Zacht dwarrelt het licht als afvallende herfstbladeren tussen de witte boomstammen door. Langzaam vult het het hele bos, tot diep in het onderhout, wekkend wat het op zijn weg tegenkomt, tot het, aan het eind van het gebladerte, door een van de kleine ramen de hut binnenwaait waar de man nog te bed ligt. Hem hoeft het niet te wekken, zijn ogen zijn open, zoekend kijken ze de hut rond, alsof ze hopen in hun nabijheid iets te vinden wat zijn onvaste benen kan vervangen en hem naar de tafel kan brengen waar, onder een dikke wollen doek, een warm brood ligt waarvan de geur de kamer vult. Tussen het brood en de tafel ligt een blauw-gele toile-cirée met een bloemenprint, made in China, die ooit samen met een kleinkind, dat moest worden gepresenteerd uit de stad, hierheen is gereisd. De vrouw haat het gekleurde plastic, dat haar dagelijks herinnert aan de afwezigheid van zijn schenkers, maar nu de man, onvast in al zijn bewegingen en niet alleen in zijn benen, steeds vaker morst, is het voor iedereen beter het tijdens de maaltijden te laten liggen. Terwijl de man, die in het gebloemde plastic enkel het grommen van zijn maag en niet het gezicht van zijn zoon weerspiegeld ziet, tot het besef komt dat hij de tafel nooit op eigen kracht en dus enkel door geduldig wachten zal kunnen bereiken, leidt de vrouw hun enige koe uit het kleine schuurtje naar buiten. Het is een taai beest, donkerbruin en klein van stuk, een telg van een ras dat zich na decennia evolutie heeft aangepast aan een levensritme van drie maanden vers gras en negen maanden sneeuw en karig hooi. Van geboren worden, zuigen, baren, zogen en sterven. Want zodra het ene kalf het andere vervangt, is haar tijd gekomen; niks eenmaal is geenmaal, en zeker geen andermaal.

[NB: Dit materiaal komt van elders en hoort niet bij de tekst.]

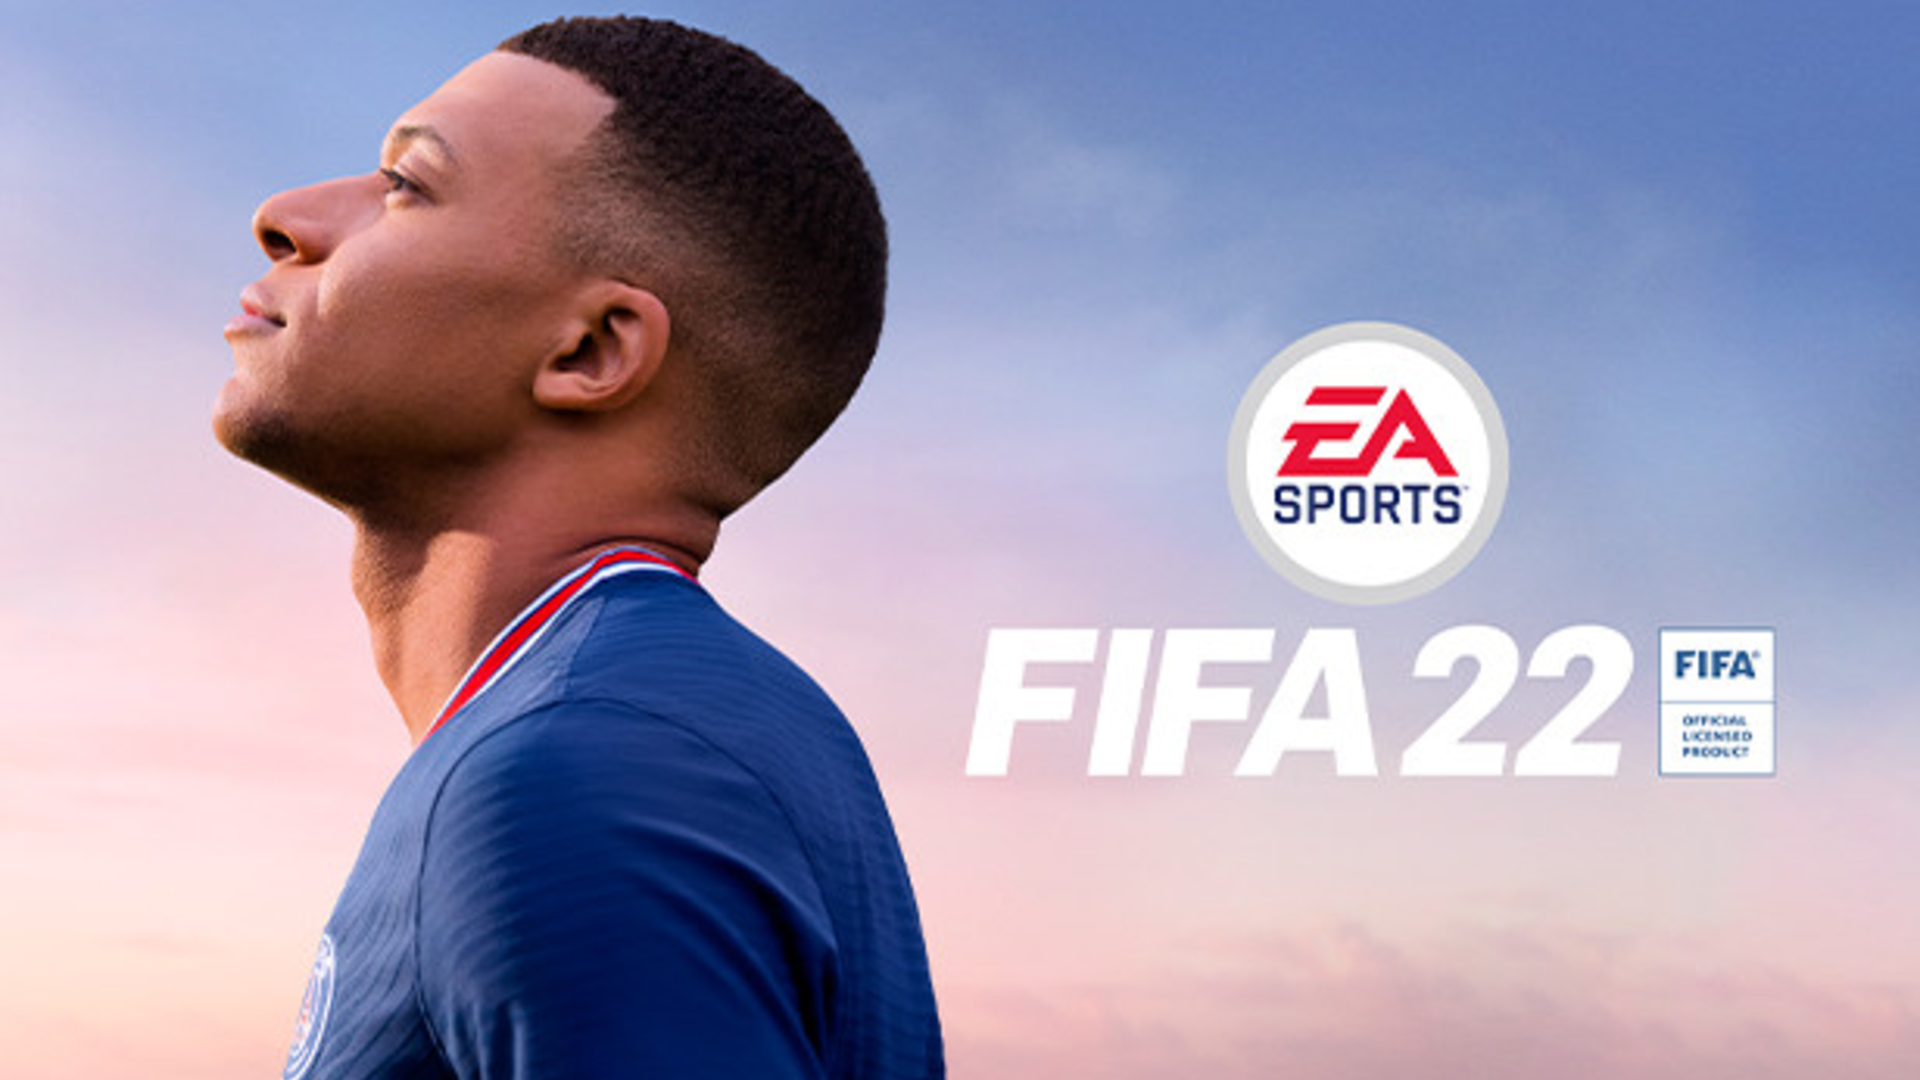 ea fifa 22 cover kylian mbappe 1qeaco87s803l13iu0tnr84jhq - PPSSPP Games Highly Compressed (Top 35 Games)

Vastbesloten bindt de vrouw de kleine koe vast aan een ring in de muur, ondertussen vriendelijk tegen haar pratend, alsof dit een dag is als alle andere, wat het ook is, althans voor de vrouw en niet voor de koe. Nog eenmaal kijkt zij het beest diep in de bruine ogen, waarbij ze haar oprecht meedeelt dat zij een opperbest beest was, alsof haar tijd al verleden is, dan draait ze zich om en neemt de ijzeren staak ter hand waarmee zij de koe meteen zo’n klap voor haar kop zal verkopen dat ze wel degelijk tot het verleden zal behoren voor ze weer bij bewustzijn komt. Op de vensterbank blinkt al het mes, waarmee ze klus geruisloos zal afmaken, zonder wroeging of genoegen, gewoon omdat het de manier is waarop zulke dingen gedaan behoren te worden.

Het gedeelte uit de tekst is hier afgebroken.